Imagine that you're working on an awesome backend project. It's well defined and well decoupled from the rest of the subsystems in the company. At some point in time however, another team asks you to send them a stream some of the data that your project owns. This request doesn't really fit your project definition, implementation or API, but this data must be shared as per product requirement. So, you add a seemingly random, out of place piece of code that does exactly that, sends a very specific stream of data to some external system.

With time your backend project adds more and more such "additional" data streaming pieces of code, bloating the project and making it hard to track and manage. You can’t wait to get rid of it, but don't really know where to move this code...

Now imagine, a few days later, your project manager tells you to expect peak load due to a massive marketing campaign starting soon. As a responsible developer you run stress tests and find the bottleneck. You can fix it by moving some locking queries out of a transaction and processing them asynchronously somewhere else. But where?...

DEC to the rescue!

DEC (Data Event Center) is Shopee’s new programmable data pipeline. It is a new platform that allows asynchronous tracking of database events and triggering actions upon those events using built-in scripting engine. This platform solves the problem of streaming data changes from databases to any given destinations, be it another database, queue or k/v storage, with the ability to modify the stream of data that flows from source DB to destination sinks.
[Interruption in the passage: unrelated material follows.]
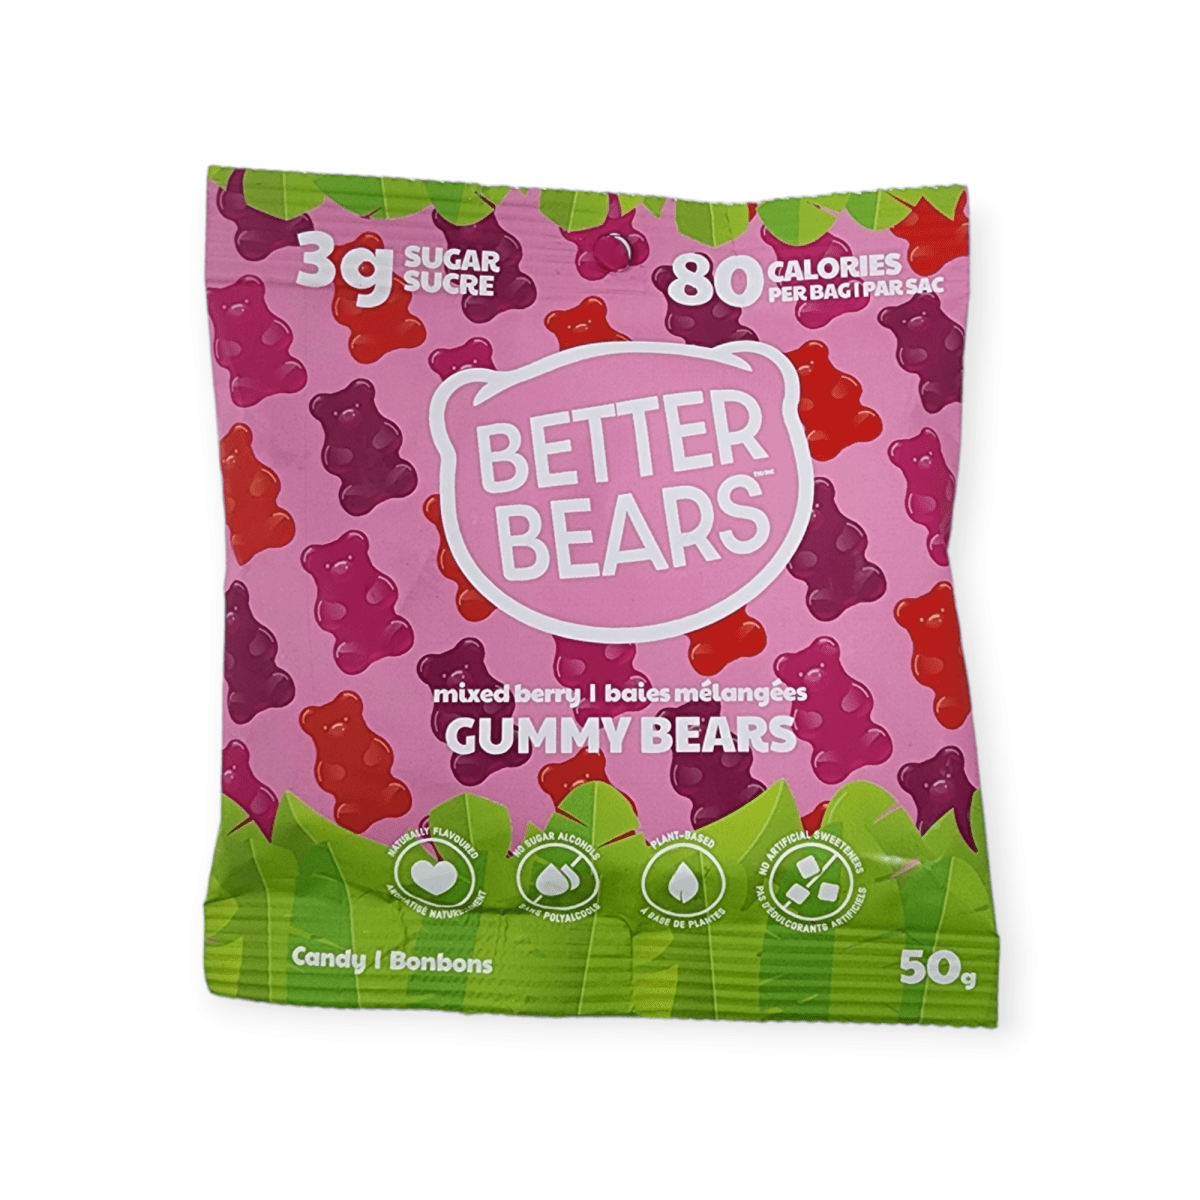 Better Bears Gummy Bears Mixed Berry (50g)

The applications range from DB replication tasks, to async DB updates processing, DB to cache(s) synchronisation or generating task queues based on DB changes.

This talk will touch on the basic concepts and architecture that power DEC, and how it’s used in Shopee to solve these problems.

Speaker: Rim Zaydullin

Rim is a senior expert software engineer at Shopee and has been working on infrastructure projects in the internet industry for the last 12 years. He’s particularly passionate about data storage systems of all flavors, from in-memory only storage to distributed filesystems. Some of his previous work includes:

- Yandex Cocaine Cloud (https://techcrunch.com/2013/10/16/search-engine-giant-yandex-launches-cocaine-a-cloud-service-to-compete-with-google-app-engine/)
- CocCoc Bigdata project (https://bigdata.coccoc.com/en)

Schedule

7:00 PM Registration, mingling and snacks

7:30 PM The Talk

8:30 PM Q & A, and more mingling